The king hovered above me. His pants, a dark blue embroidered with a gold floral pattern, reached his ankles, exposing feet with six toes and long nails. He smelled like fresh-turned soil and crushed spring leaves. “You have tamed the dragon.”
“Yes.”
A murmur went through the crowd of pixies. “You wish to tame us?”
I shook my head. “Absolutely not. I wish to end zombies.”
The king lowered to the ground five feet from me. I was a good foot taller than him.
“Why?” he asked.
“I lived amongst the humans for most my life and do not like to see them suffer.”
“So do not look.”
“Would you turn away from the suffering of your own people?” I asked.
His wings buzzed with annoyance. “You question my loyalty?”
“As you have questioned mine.” I kept my voice low and even, refusing to let ang
er enter into this conversation.
“You are not human.”
“The best parts of me are.” His eyes narrowed. The king did not get it. “Music, art, love. These are human.”
“We have those things. We have existed as long as the humans, some say longer. But we do not destroy the earth. What do I care for the suffering of a species that, given its head, destroys everything in its path. No music is beautiful enough to wipe clean that history.”
“But what about the suffering that zombism causes?”
“I ask you the same. Humans make every other animal suffer, pollute the waters, clog the air, torch the earth. They create the suffering. They brought the zombies upon themselves.”
“That’s not true. It’s a spell.”
Another murmur rippled through the pixies. “What kind of magic?” the king asked, glancing back at the ball of nothingness still hovering in the air.
“Powerful shifter magic.”
“We do not wish to be disturbed.” I got that. “With the end of the zombies will come the rise of the humans. How can you assure me that my valley will remain pure for my people forever more? How can you guarantee they will not enter this world in time?”
“I can’t.”
He nodded. “An honest answer.”
“But I can offer you my protection. As long as I live, I will be your ally. I will fight to help protect you.”

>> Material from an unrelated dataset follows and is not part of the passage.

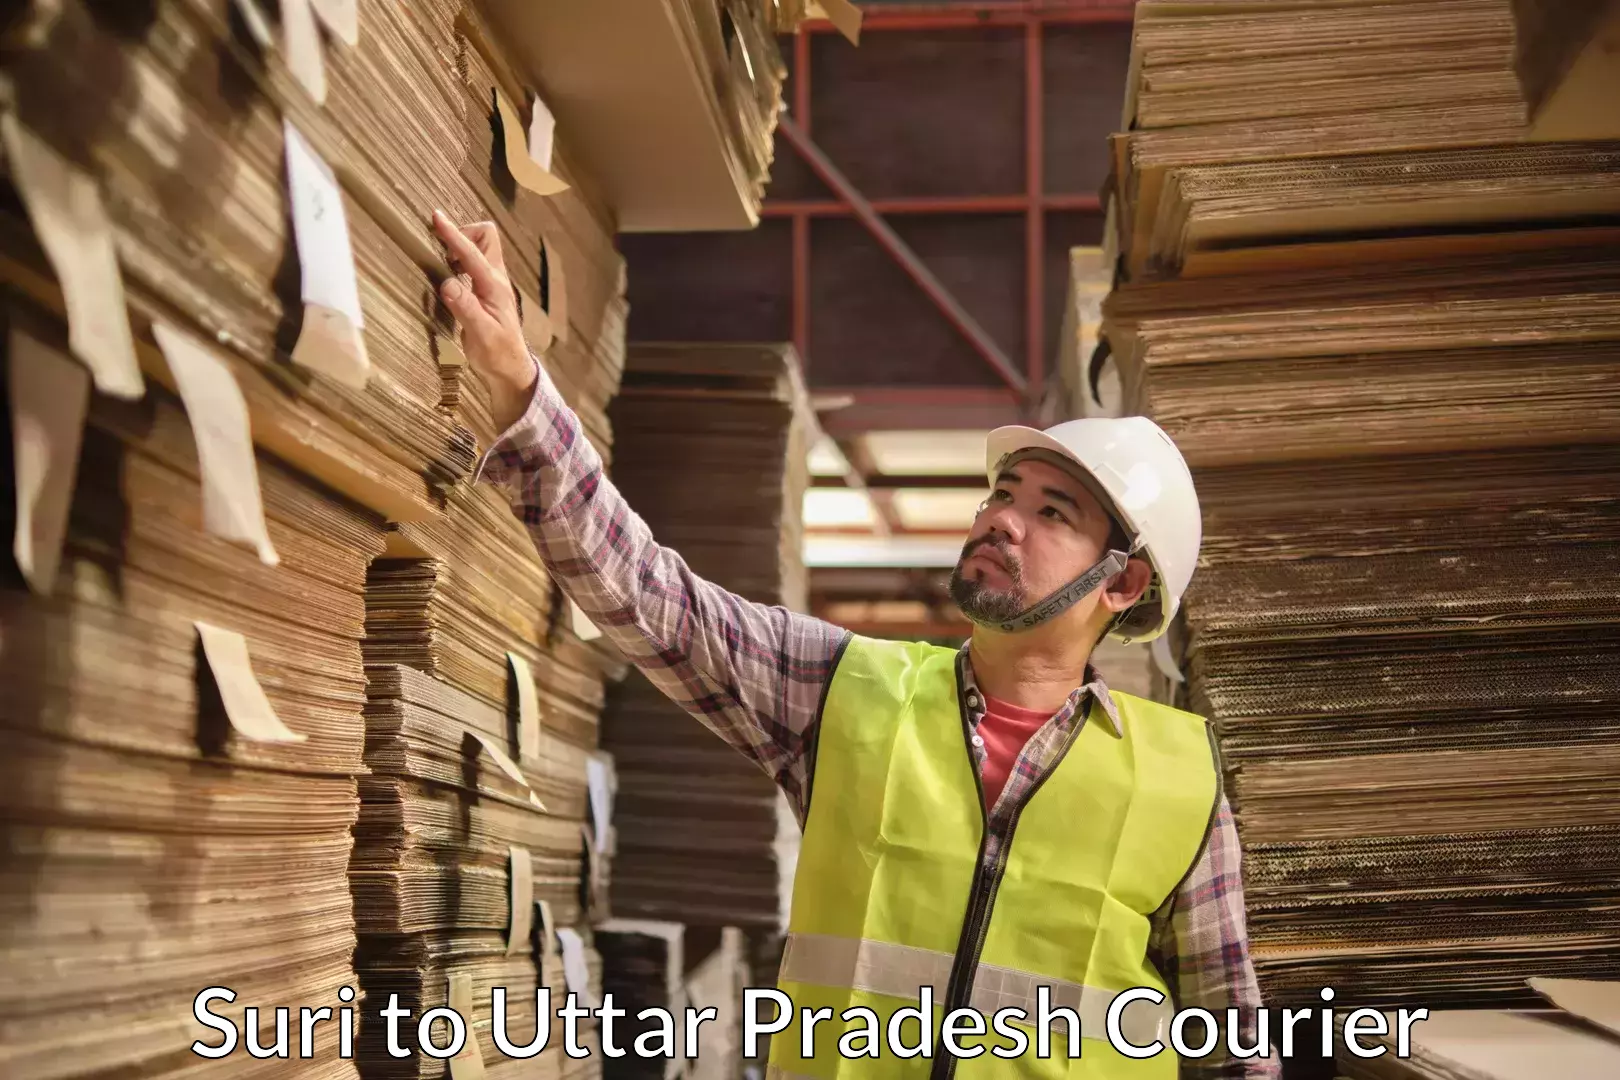 Moving and packing experts Suri to Uttar Pradesh

His gaze traveled up and down my body. “You are a powerful ally.”
“Yes.”
“And the dragon king, he will join in this treaty.”
“I believe he will.”
“Call him now. We shall celebrate tonight if peace can be reached, an alliance formed, and the valley protected for eternity.”

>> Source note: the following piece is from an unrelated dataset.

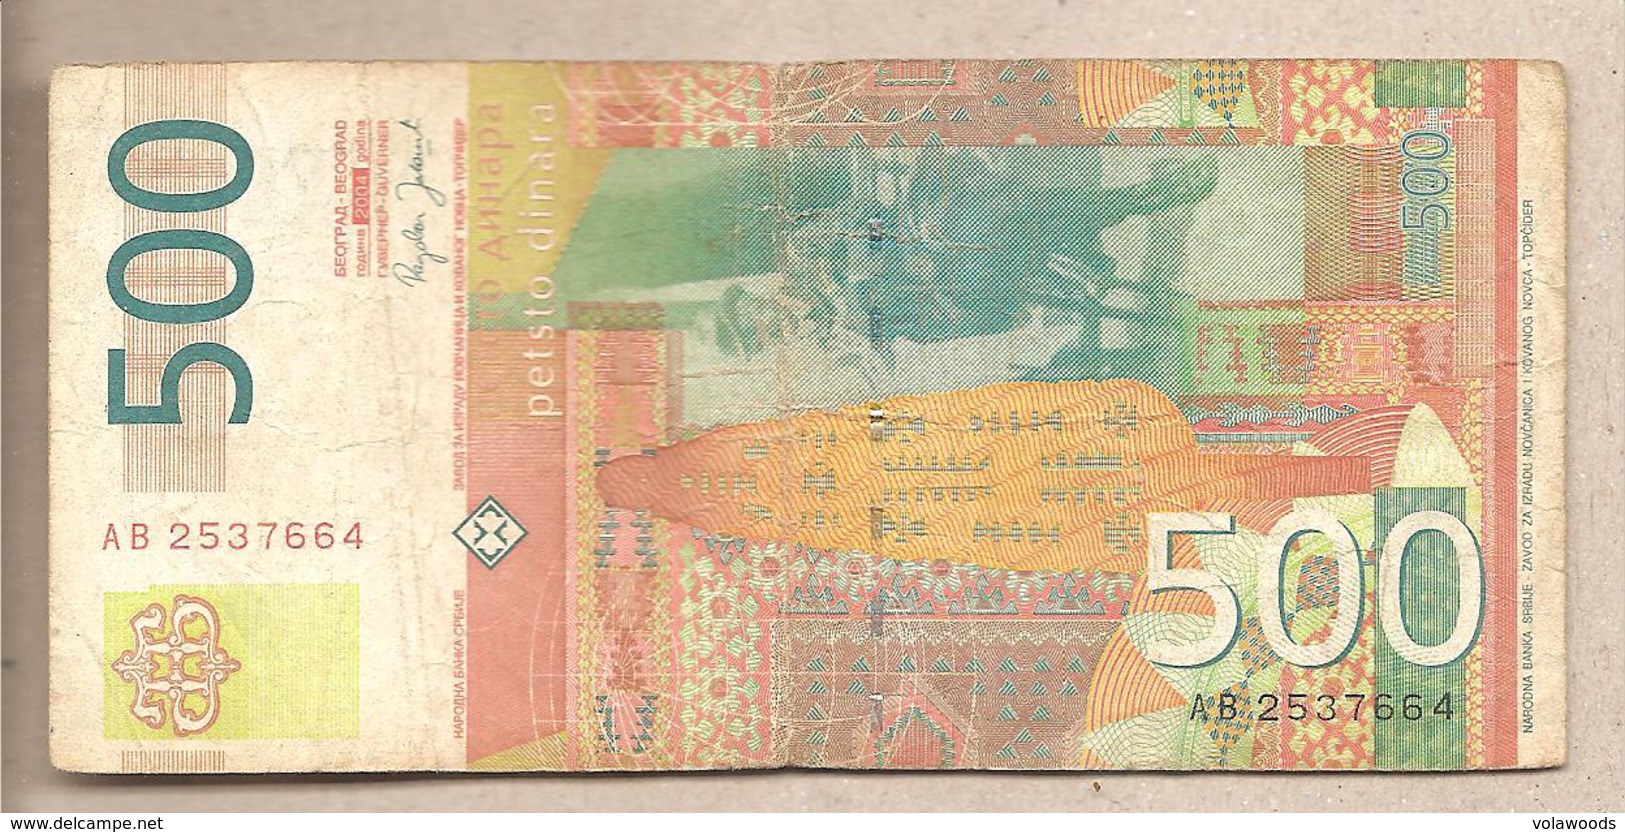 Serbia - Banconota Circolata Da 500  Dinari - 2004 - Serbien

A hurrah went up from the pixies. Slater didn’t mention a war with these guys… but they seemed a little too excited about an alliance with him.
“Call your king,” the pixie leader encouraged.
I glanced over at Megan, still held by my chi. She raised one brow—a subtle message that she controlled herself again. I released her, dropping the shell I’d created onto the forest floor. It melted into the dirt, as if it had always been a part of it. Cool.